*RECORDED DATA:*
● ● ●

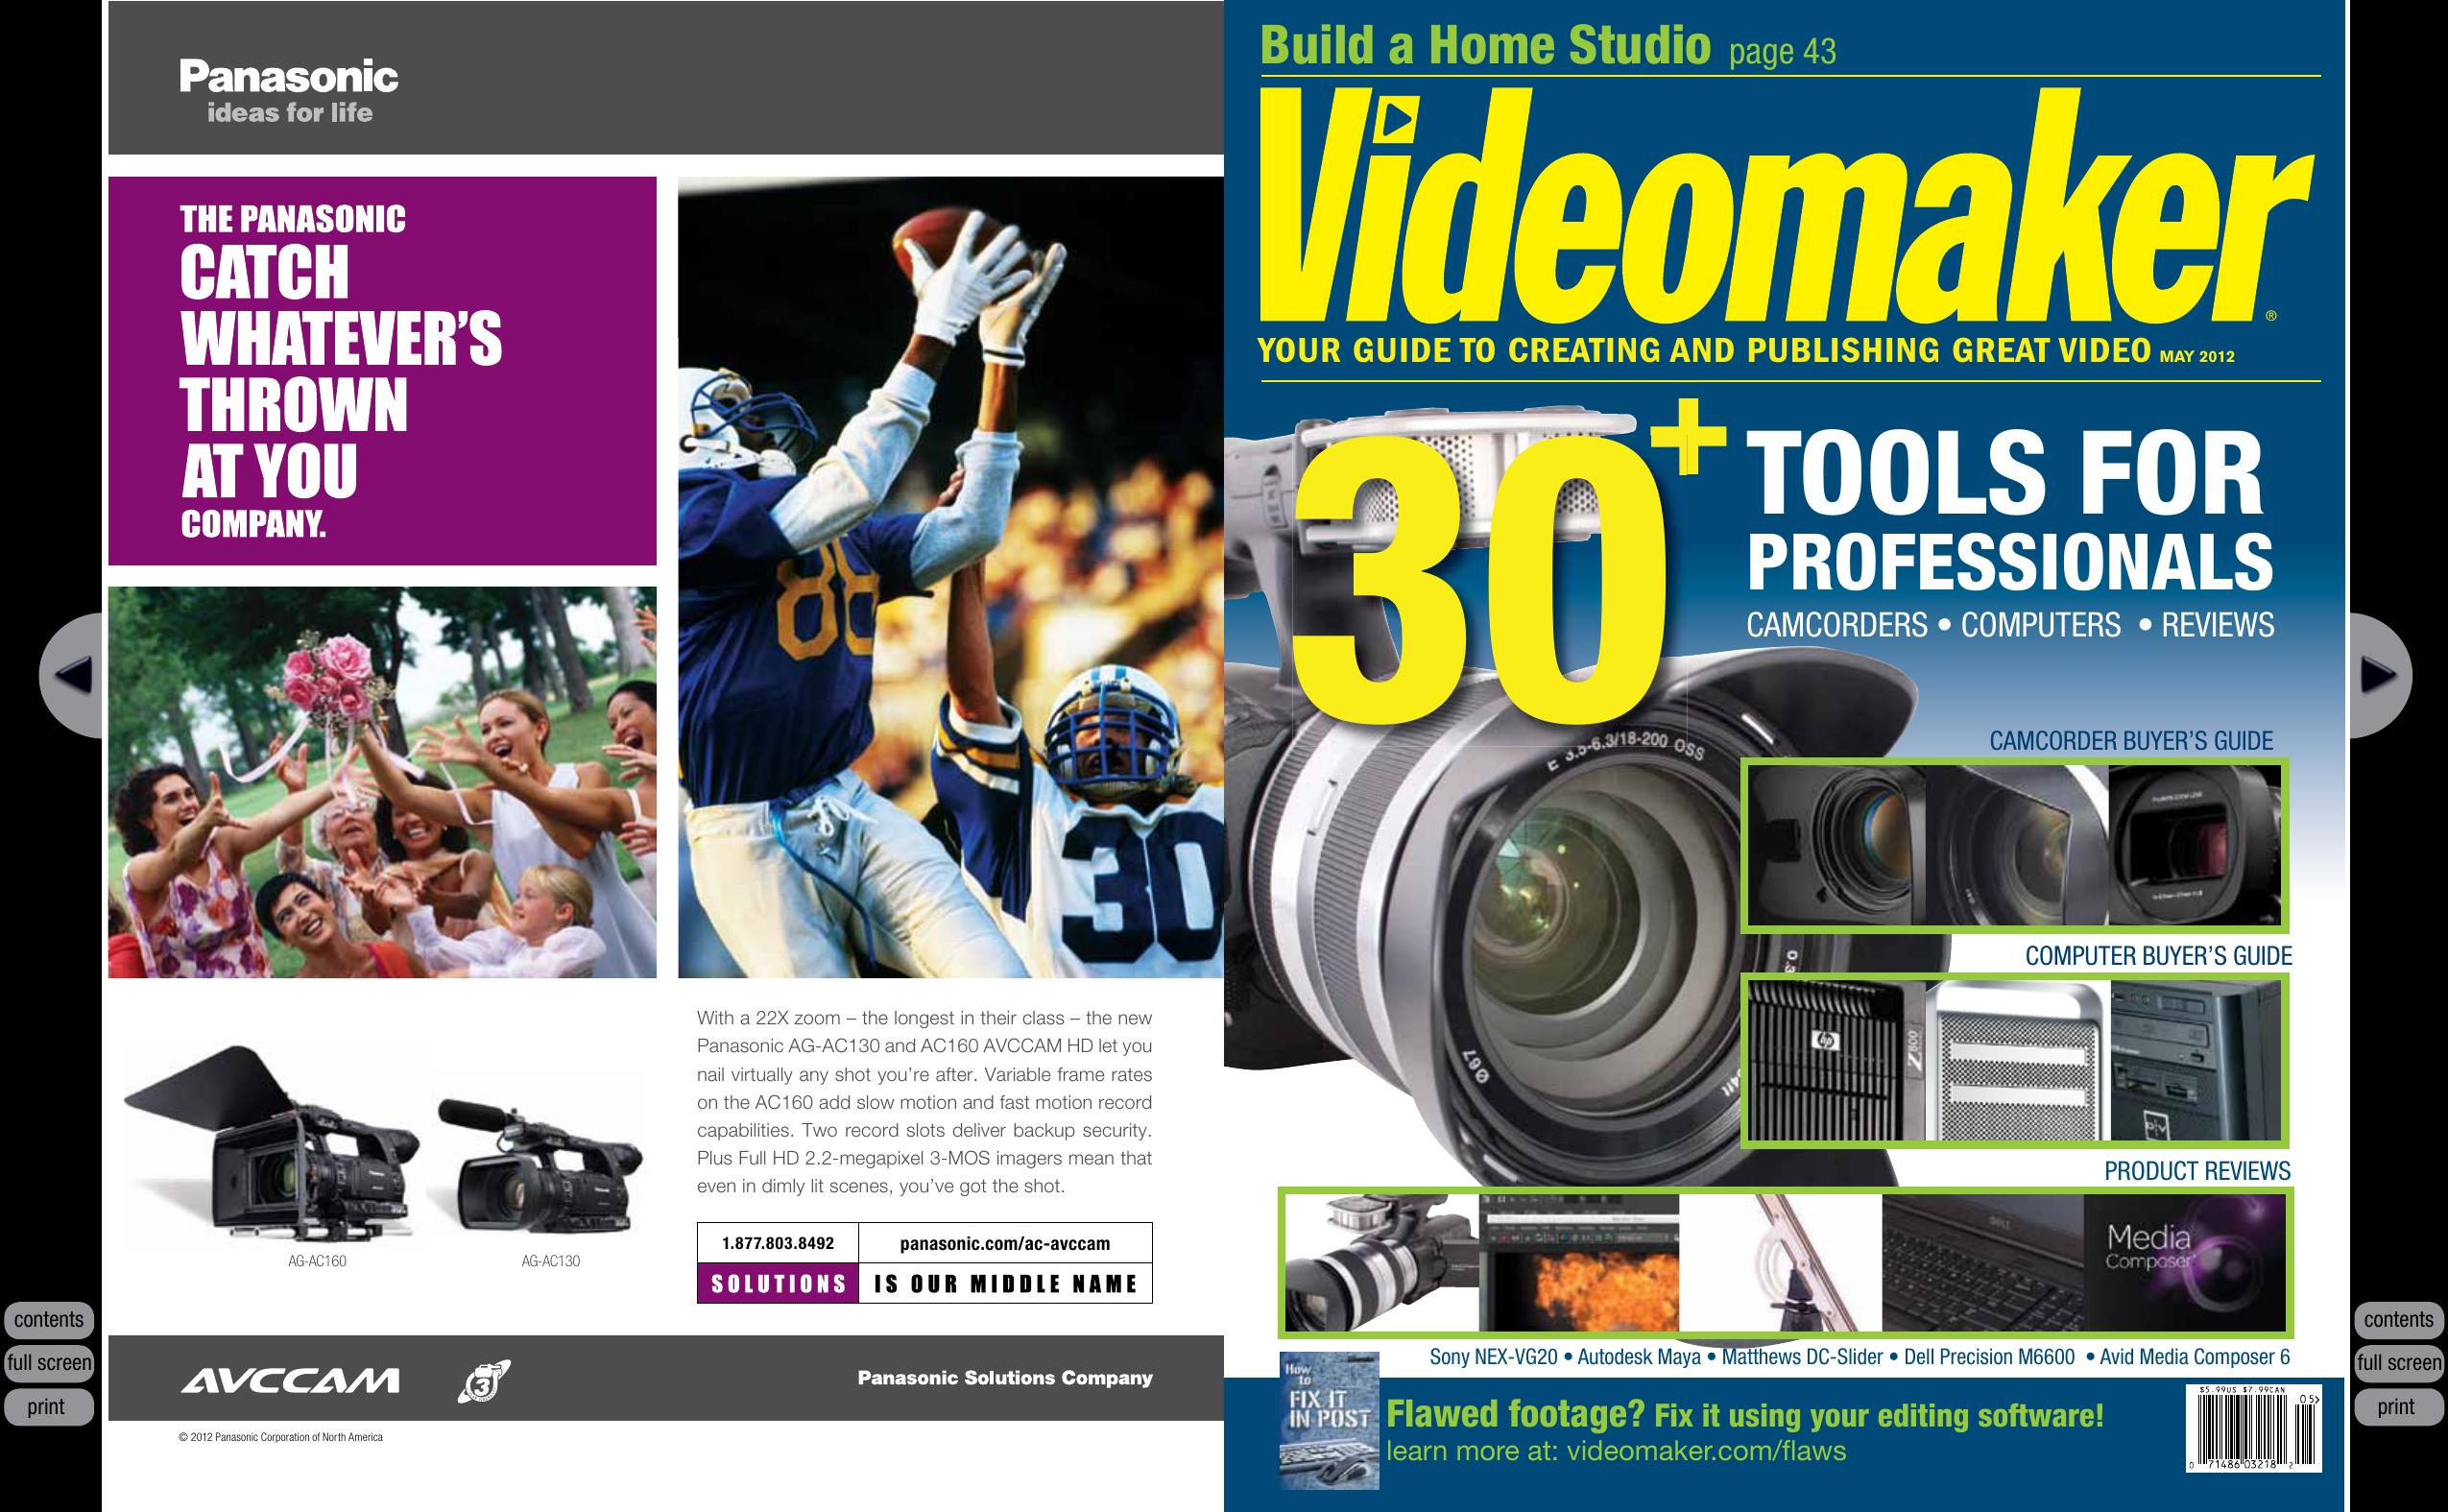 1//4 Screw Interface Digital Camera Desktop Extension Mini Tripod Camera Accessories for GoPro Universal Cameras rowna Handle Tripod
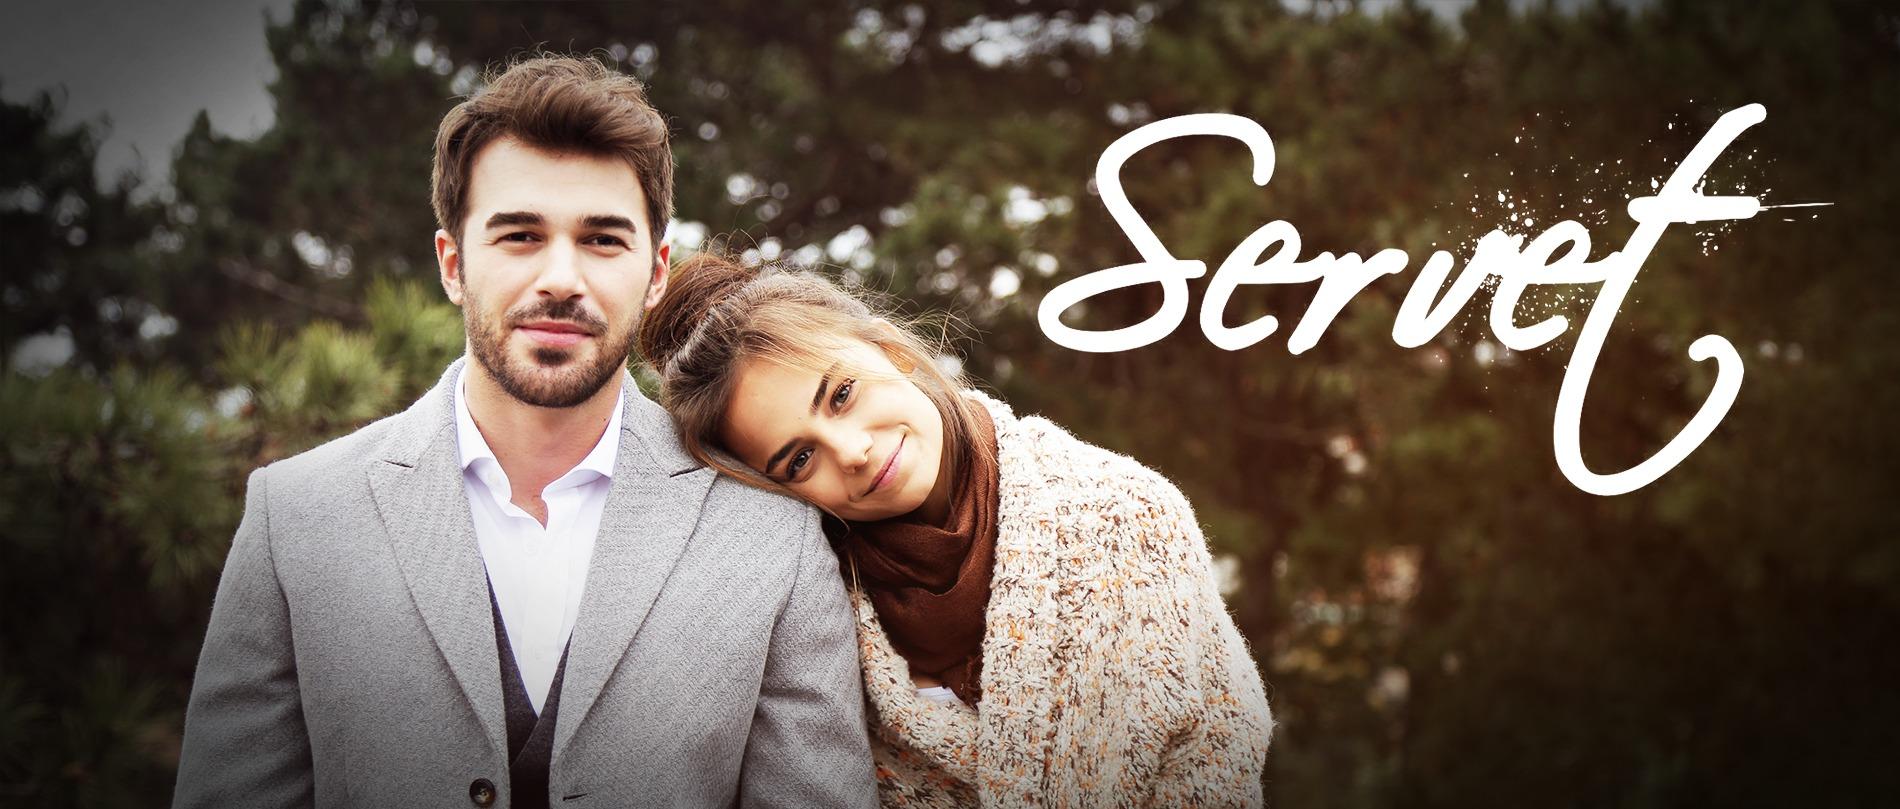 دانلود سریال ثروت Servet-لینک مستقیم و رایگان
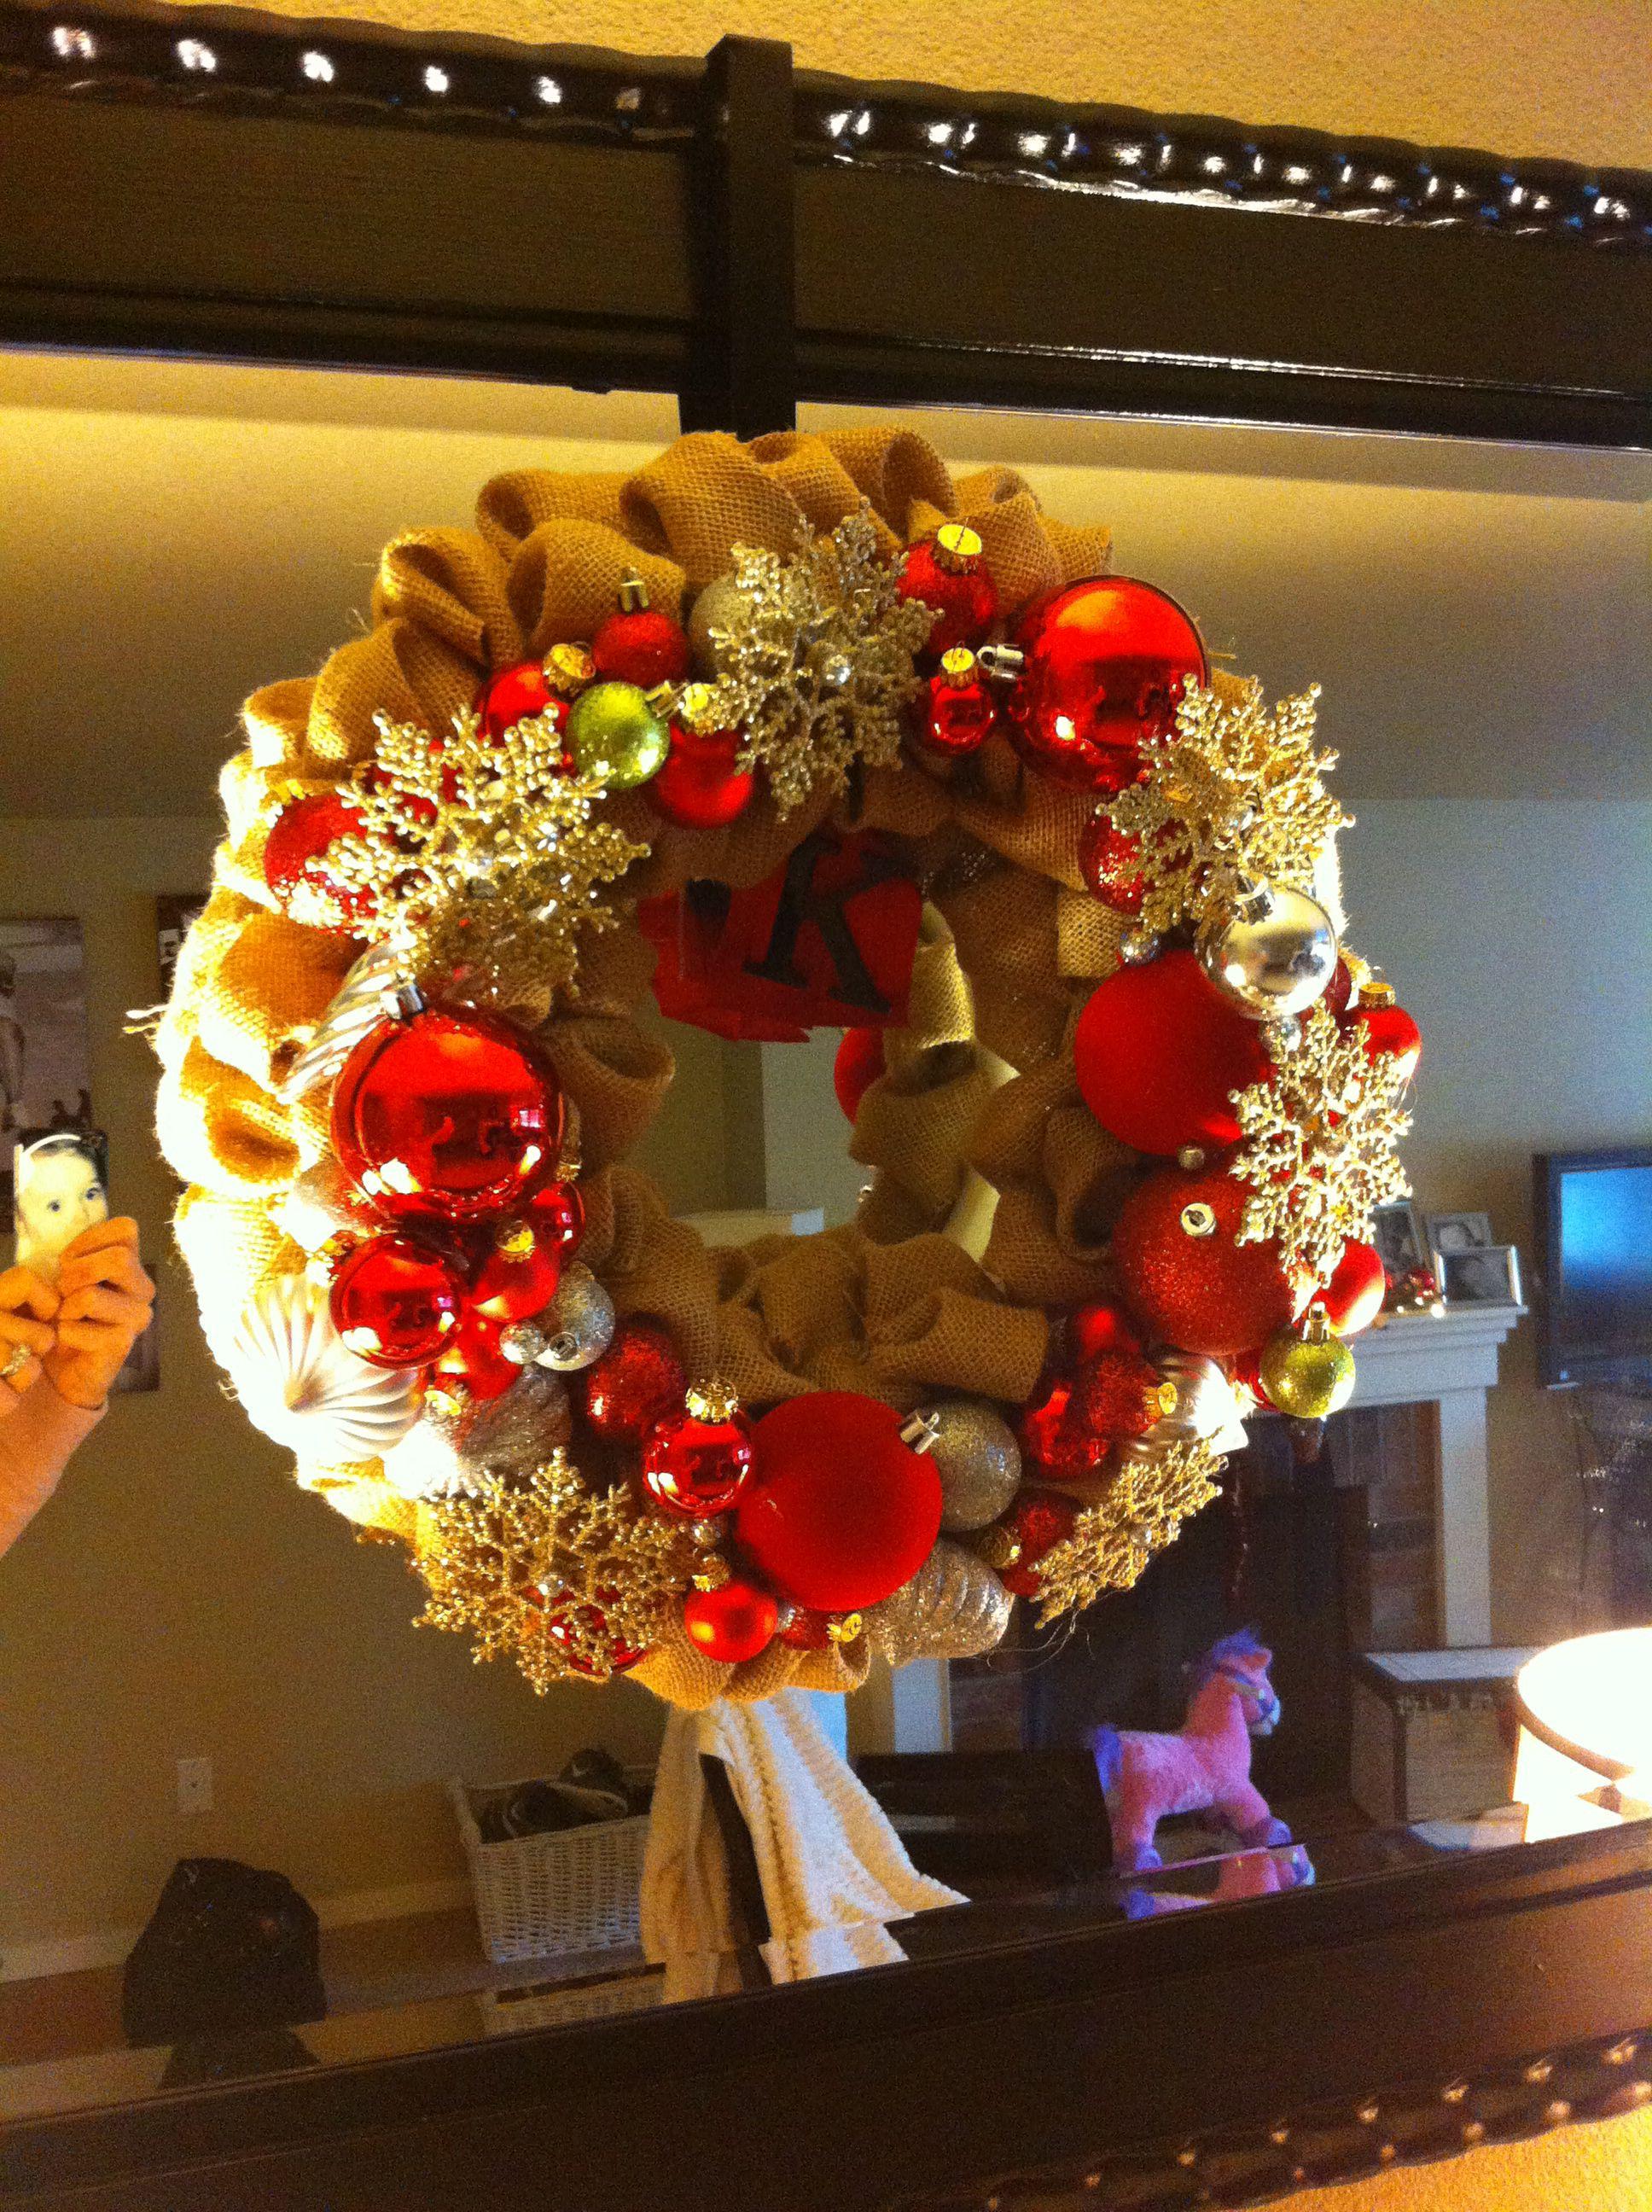 Hot glued old Christmas ornaments onto a burlap wrapped foam wreath ...

● ● ●

Leaving aside every picture, transcribe exactly the lines that run from the one with "دانلود سریال ثروت" to the close of the listing above.

*WRITTEN RESPONSE:*
 دانلود سریال ثروت Servet-لینک مستقیم و رایگان
 Hot glued old Christmas ornaments onto a burlap wrapped foam wreath ...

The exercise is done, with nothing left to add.